Metagenome Gene prediction functional Annotation

Gene prediction determines which metagenomic reads contain coding sequences. Once identified, coding sequences can be functionally annotated. Gene prediction can be conducted on assembled or unassembled metagenomic sequences. For assembled metagenomes with full-length coding sequences, gene prediction is akin to the framework used during the analysis of whole genome sequences, with the caveat that some prediction algorithms require species-specific parameters that may not always be appropriate when the contigs have been sampled from diverse or novel lineages.
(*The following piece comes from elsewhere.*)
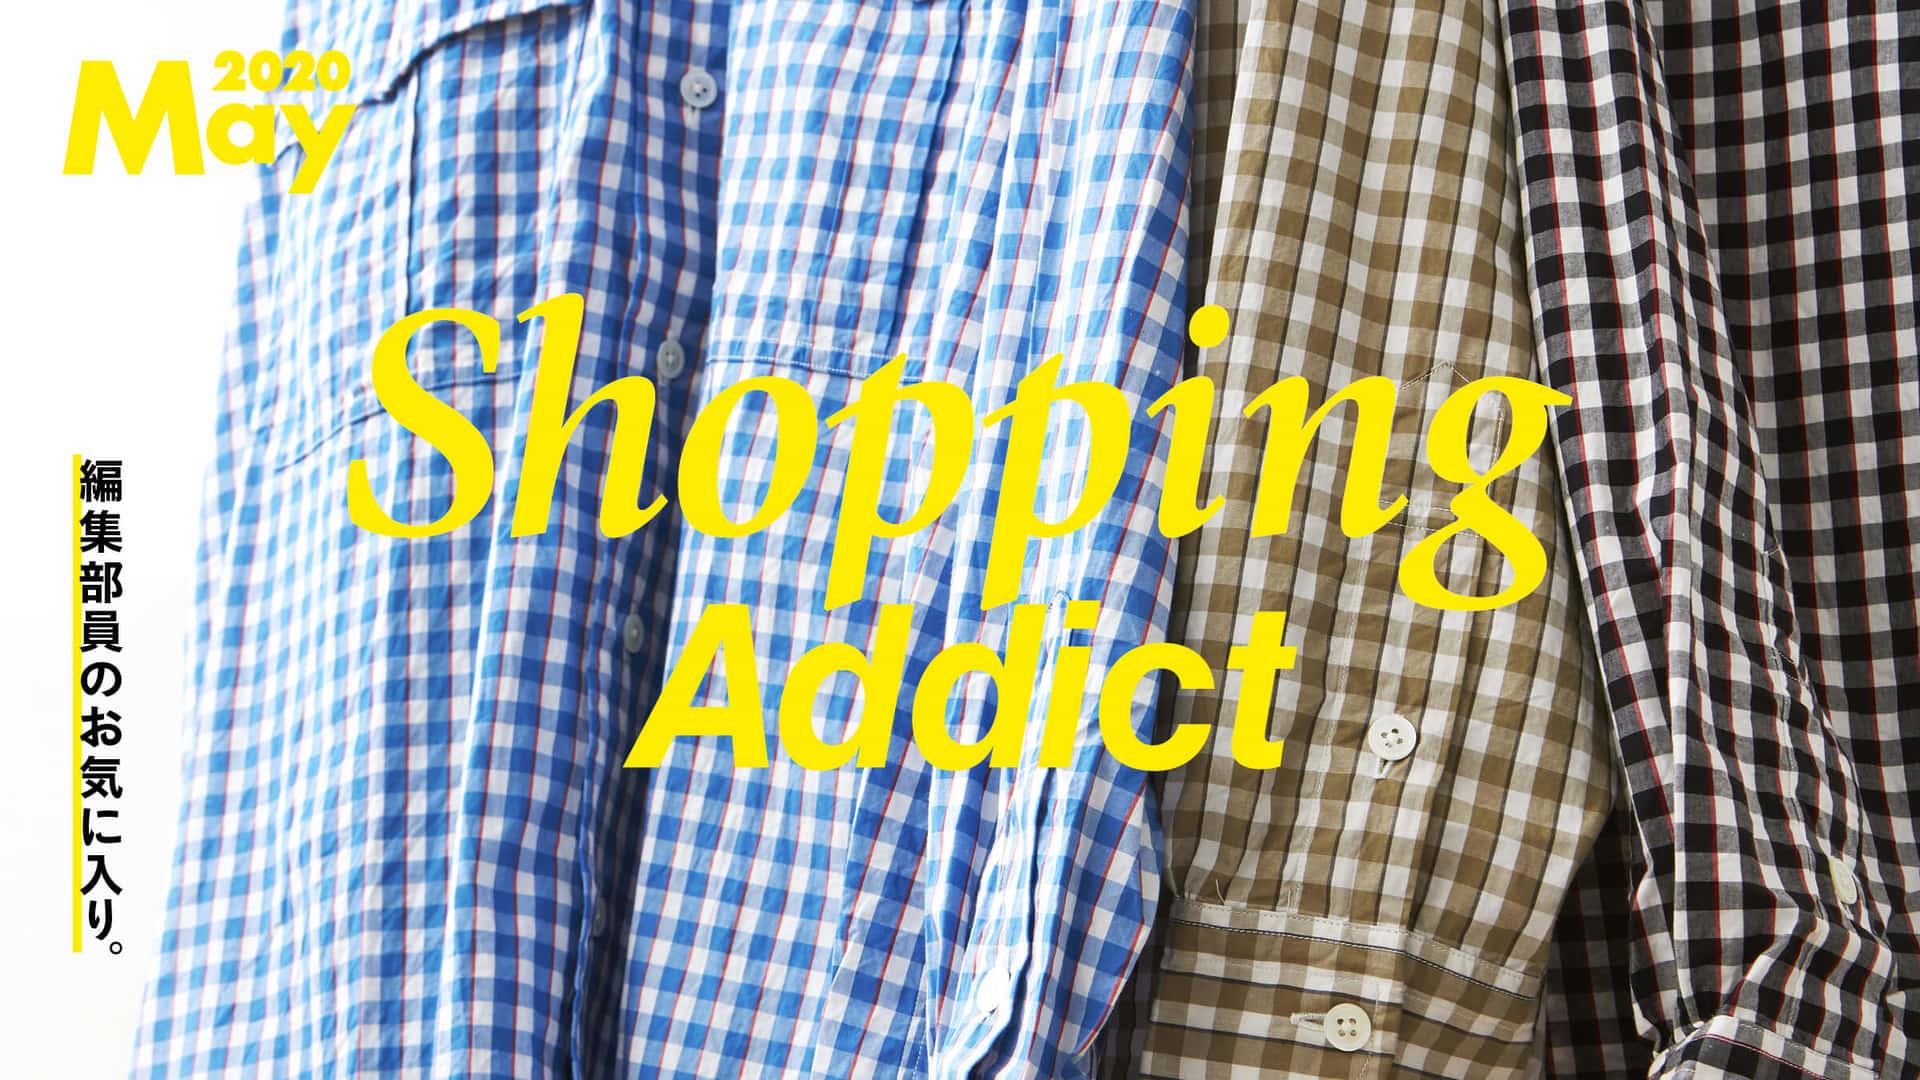 Shopping Addict 2020 May 〜編集部員のお気に入り〜

Once coding sequences in a metagenome are predicted, they can be subject to functional annotation. The most common way this is accomplished is by classifying the predicted metagenomic proteins into protein families. A protein family is a group of evolutionarily related protein sequences, or subsequences in the case of protein domain families (e.g., Pfam; Finn et al., 2014). They are usually characterized by comparing full-length protein sequences that have been identified through genome sequencing projects. Because the proteins in a family share a common ancestor, they are thought to encode similar biological functions. If a metagenomic sequence is determined to be a homolog of this family (i.e., it is classified as being a member of the family), then it is inferred that the sequence encodes the family’s function. Classification of an assembled or unassembled metagenomic protein sequence into a protein family usually requires comparing the metagenomic protein to either a database of protein sequences, each of which is designated as being a member of a family, or comparison of the sequence to a probabilistic model that describes the diversity of proteins in the family (e.g., HMMs). Once the metagenomic sequence has been compared to all proteins or all models, it can either be classified into (1) a single family (e.g., the family with the best hit), (2) a series of families (e.g., all families that exhibit a significant classification score), or (3) no family, which suggests that the protein may be novel, highly diverged, or spurious. There are exceptions to this annotation framework, such as the gene recruitment procedure mentioned in the Gene Prediction section, though they are less commonly used.